» Activity: Print, word for word, only the lines from the one with "Lake Czarny Staw" down to the last line of the listing below; no pictures.

» Supplied data:
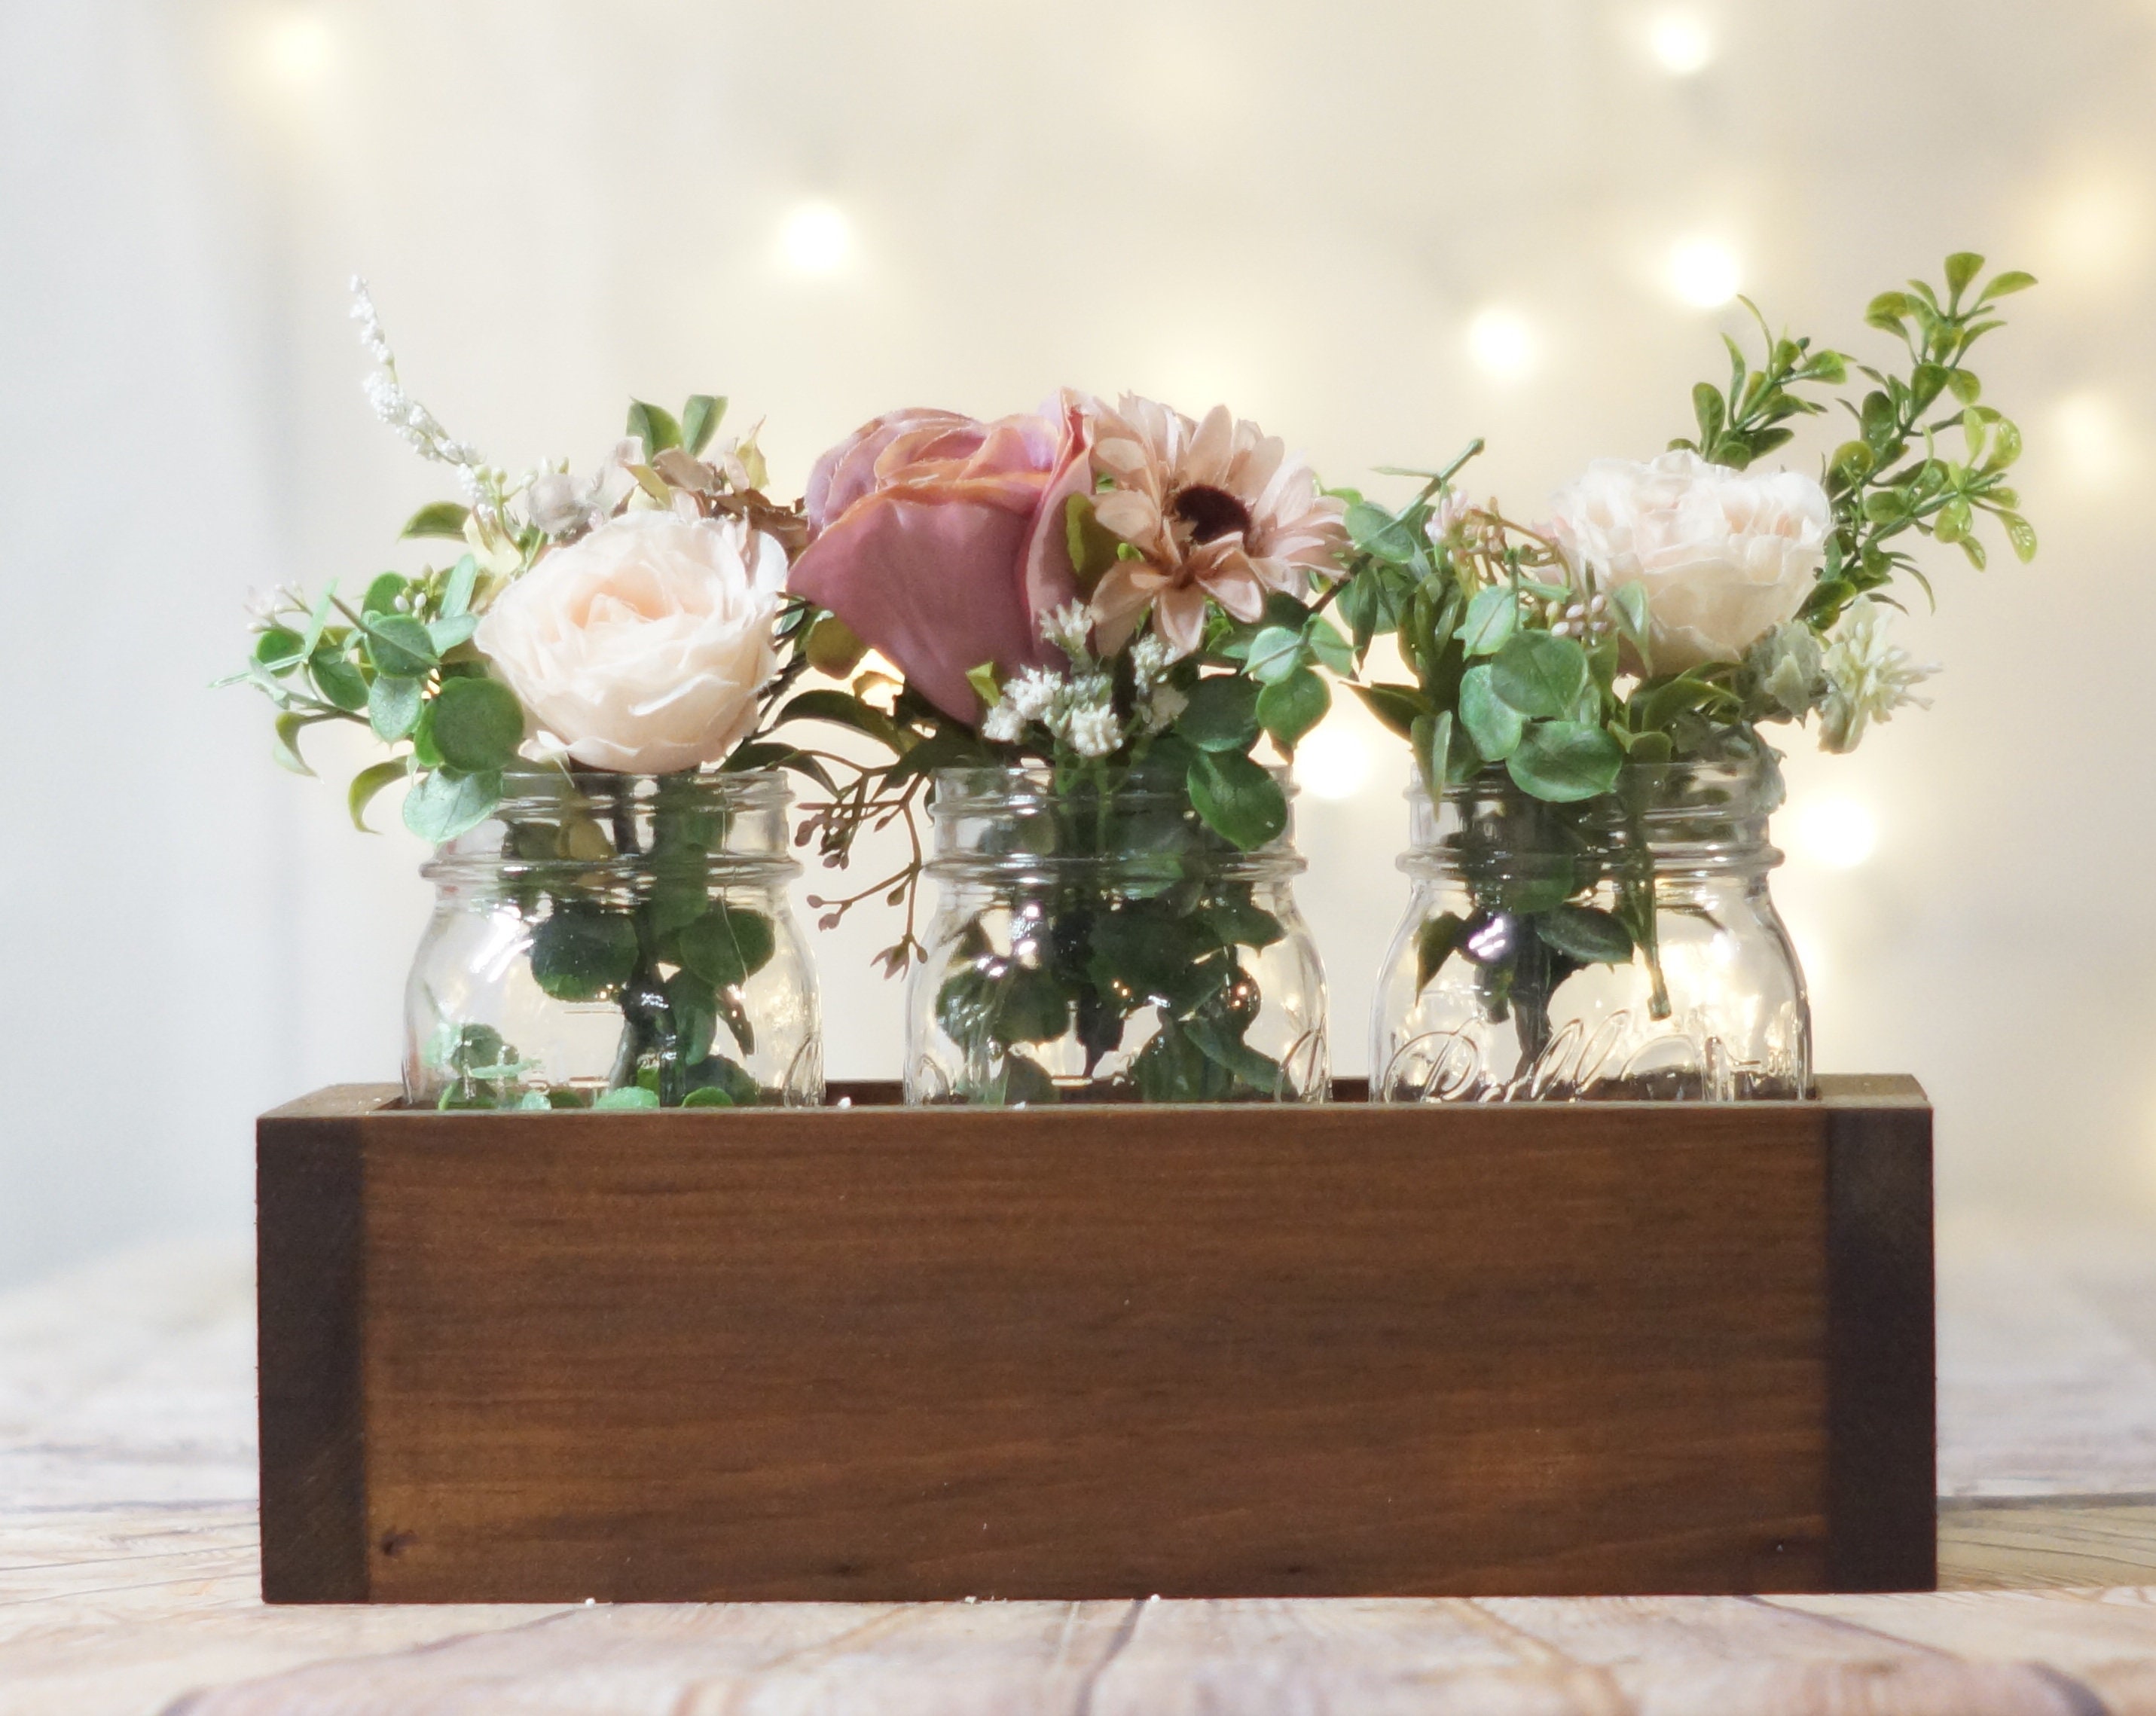 10 Flower Box Centerpieces  Flower box centerpiece, Wedding centerpieces, Wooden  box centerpiece
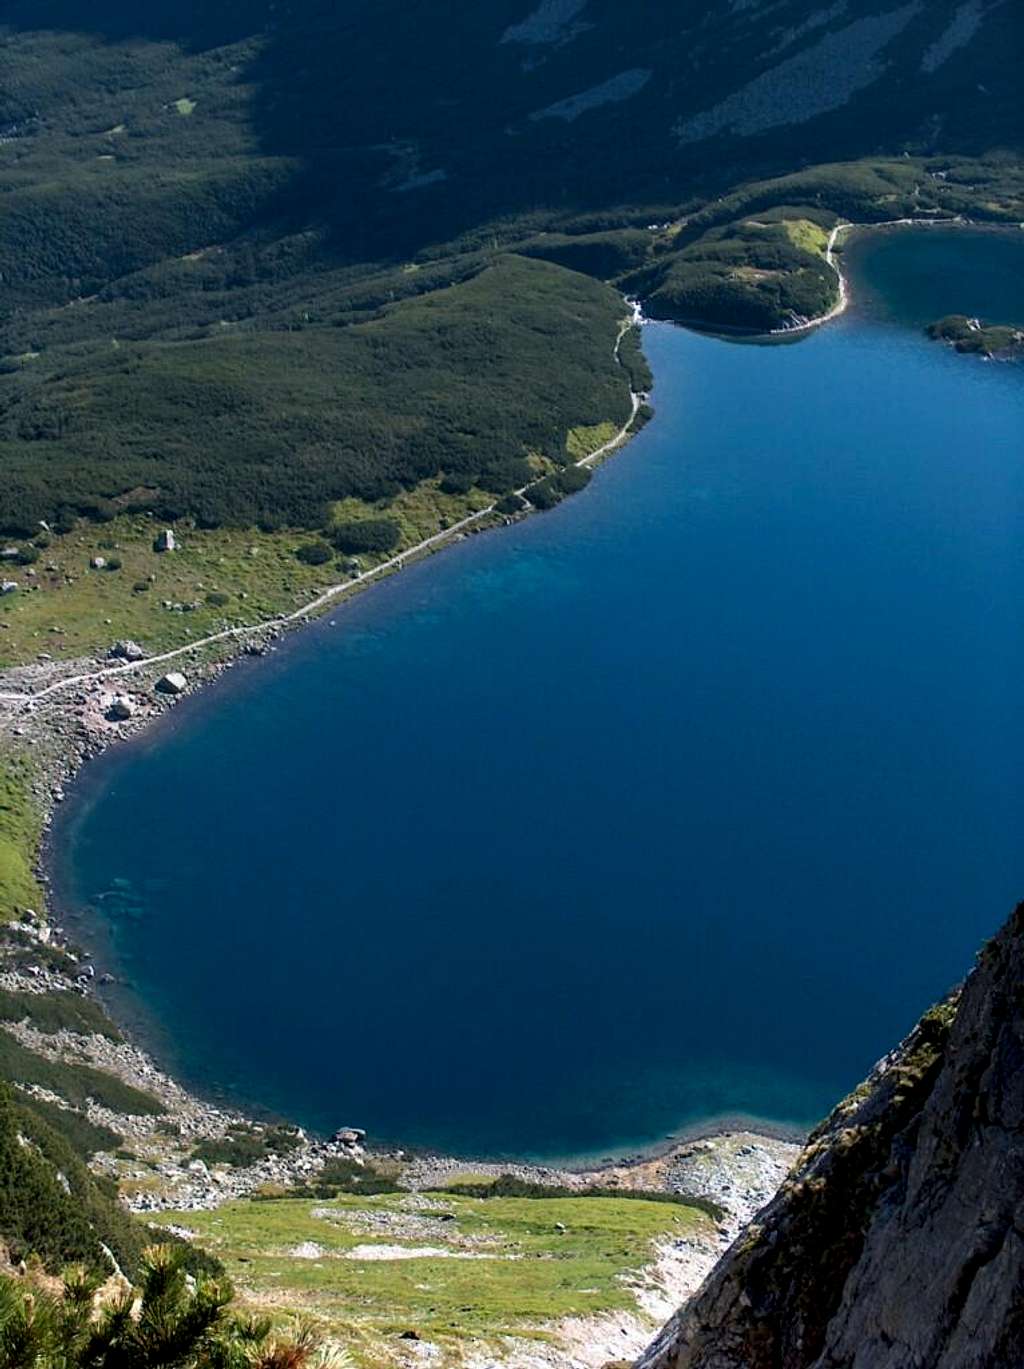 Lake Czarny Staw Gąsienicowy in Dolina Gąsienicowa (Polish Tatras)
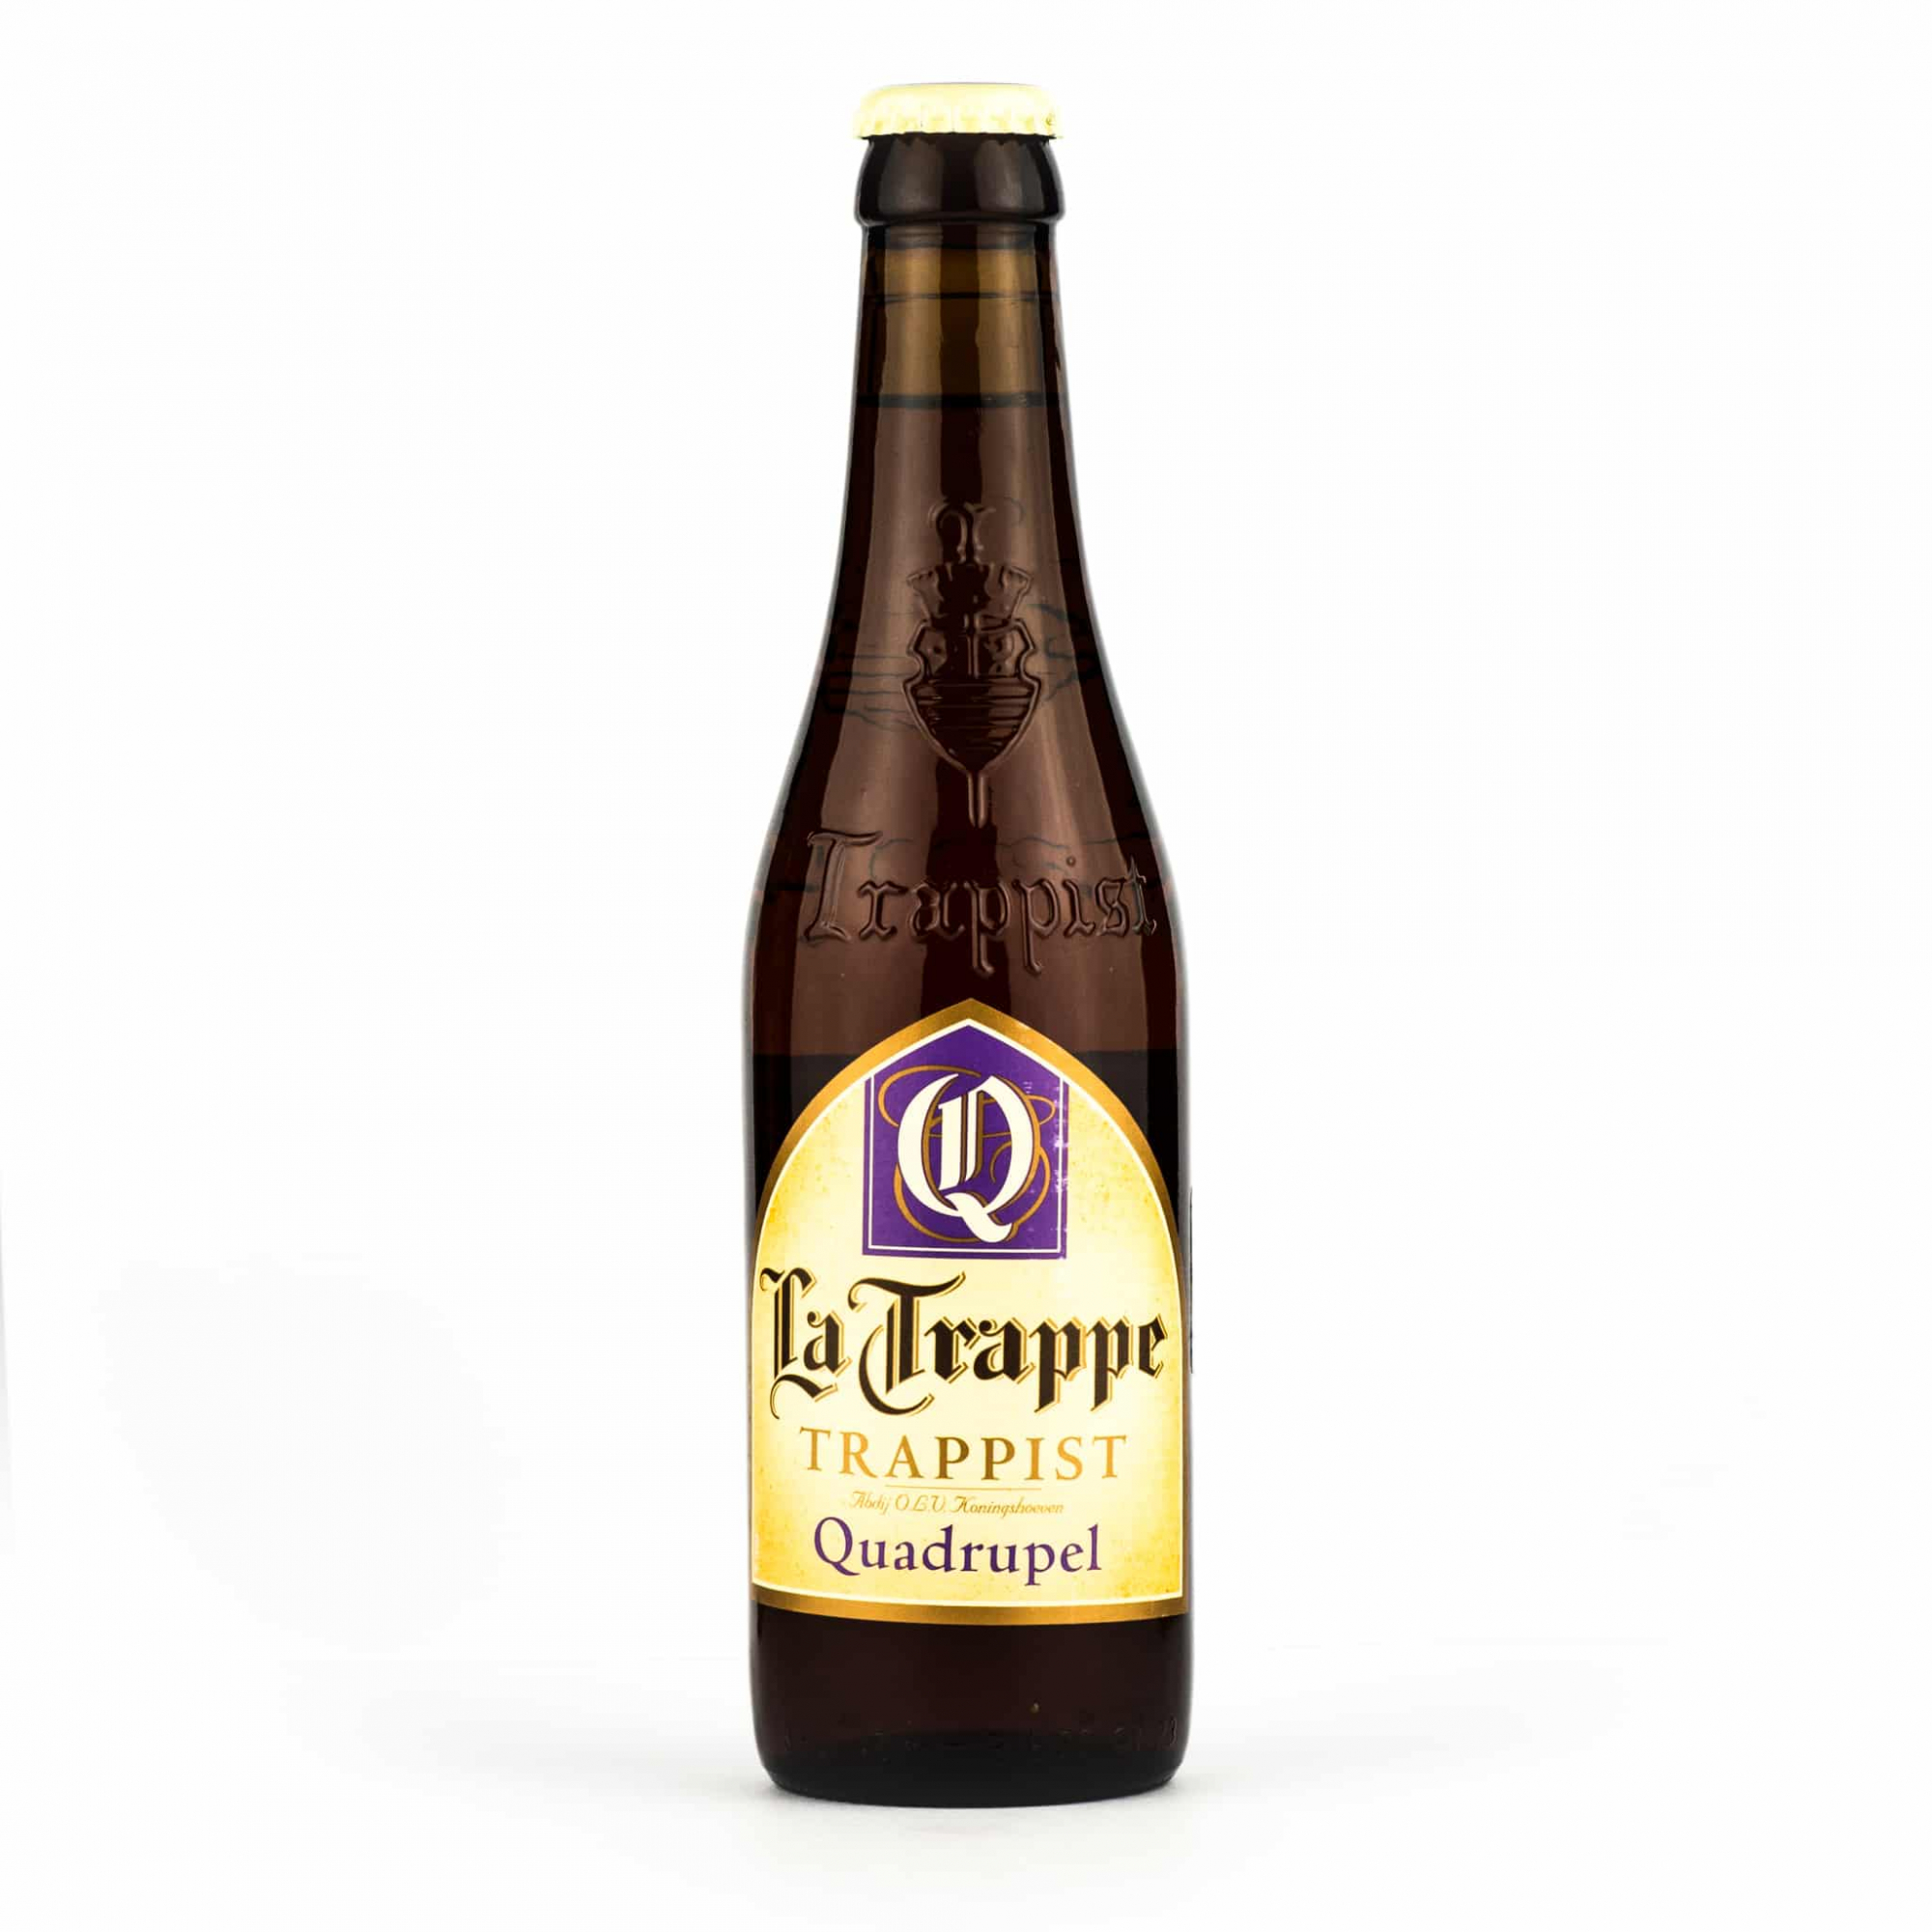 Ла трапп. Пиво la Trappe Trappist. Пиво la Trappe Quadrupel. Ла Трапп "квадрюпель" тёмное, 0,33 л. ла Трапп "квадрюпель" тёмное, 0,33 л.. Ла Траппе пиво квадрюпель 0,33.

» Exercise answer:
 Lake Czarny Staw Gąsienicowy in Dolina Gąsienicowa (Polish Tatras)
 Ла трапп. Пиво la Trappe Trappist. Пиво la Trappe Quadrupel. Ла Трапп "квадрюпель" тёмное, 0,33 л. ла Трапп "квадрюпель" тёмное, 0,33 л.. Ла Траппе пиво квадрюпель 0,33.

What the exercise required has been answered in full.